In Turkey, haddock and red mullet attract attention due to anchovy shortage

Published 2021년 3월 6일

Tridge summary

The article highlights the increased demand for fish in the Black Sea region as temperatures drop, with haddock and mullet being the favorite choices among consumers. The price of these fish ranges from 30 lira to 50 lira per kilo, depending on the type. The decrease in anchovy catches has led to a shift in preference towards haddock and mullet, with the latter being appreciated for its affordability. The reduced anchovy numbers are attributed to escapes during fishing prohibitions. Overall, fish sales have seen an uptick due to the colder weather and the availability of other fish species like haddock and sarikanat, despite the challenges faced by the fishing industry this season.
Disclaimer:The above summary was generated by Tridge's proprietary AI model for informational purposes.

Original content

With the decrease in air temperatures in the Black Sea, citizens' demand for fish has increased, and the most preferred fish are haddock and mullet. It was stated that due to the scarcity of anchovy hunting, citizens turned to haddock, which was sold for 30 lira per kilo, and barbe, which was sold for 40 lira, on stalls in Samsun. On the other hand, the ice house anchovy is offered for sale for 25 pounds, sarikanat 60, tirsi 25, salmon 35, sea bass 50, bream 40 lira. Balıkçı Doğukan Yılmaz said that after the anchovy catches decreased, haddock became more consumable and said, "With the anchovy escaping, the haddock has become very consumed and even we sell it.
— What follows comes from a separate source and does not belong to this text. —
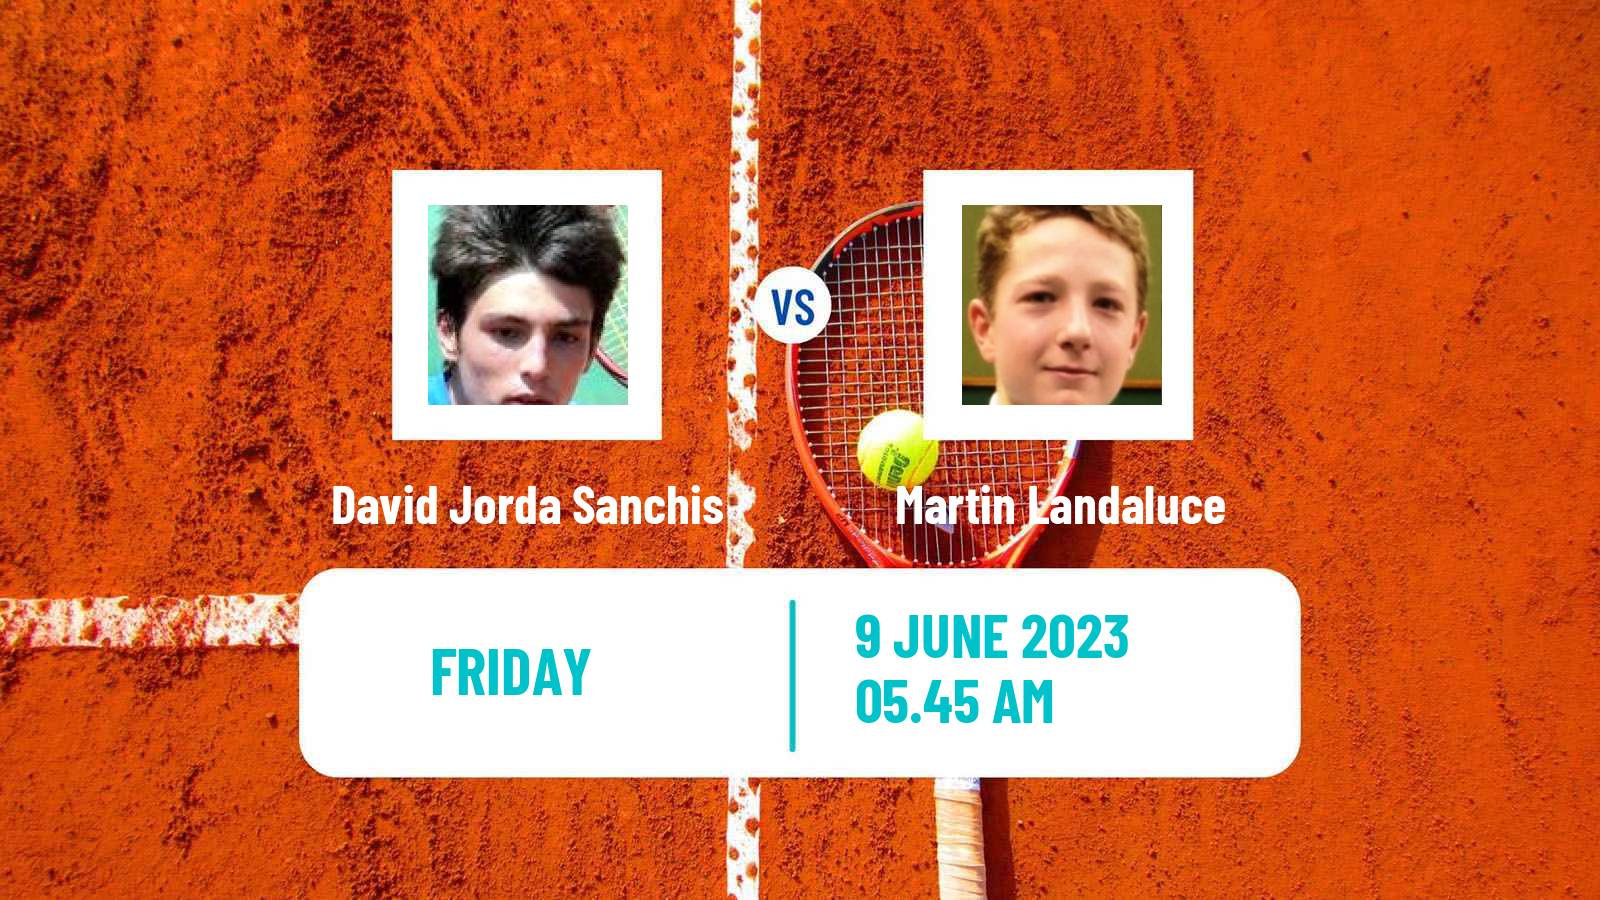 Tennis ITF M25 Cordoba Men David Jorda Sanchis - Martin Landaluce

Apart from haddock, red mullet has become very consumed by our citizens due to its cheapness. He came back and made us laugh by taking his place on the counter next to the fish such as yellow wings and bluefish. The reason for the low anchovies was that the fish escaped during the time that passed due to the prohibitions. It ...

Would you like more in-depth insights?

Gain access to detailed market analysis tailored to your business needs.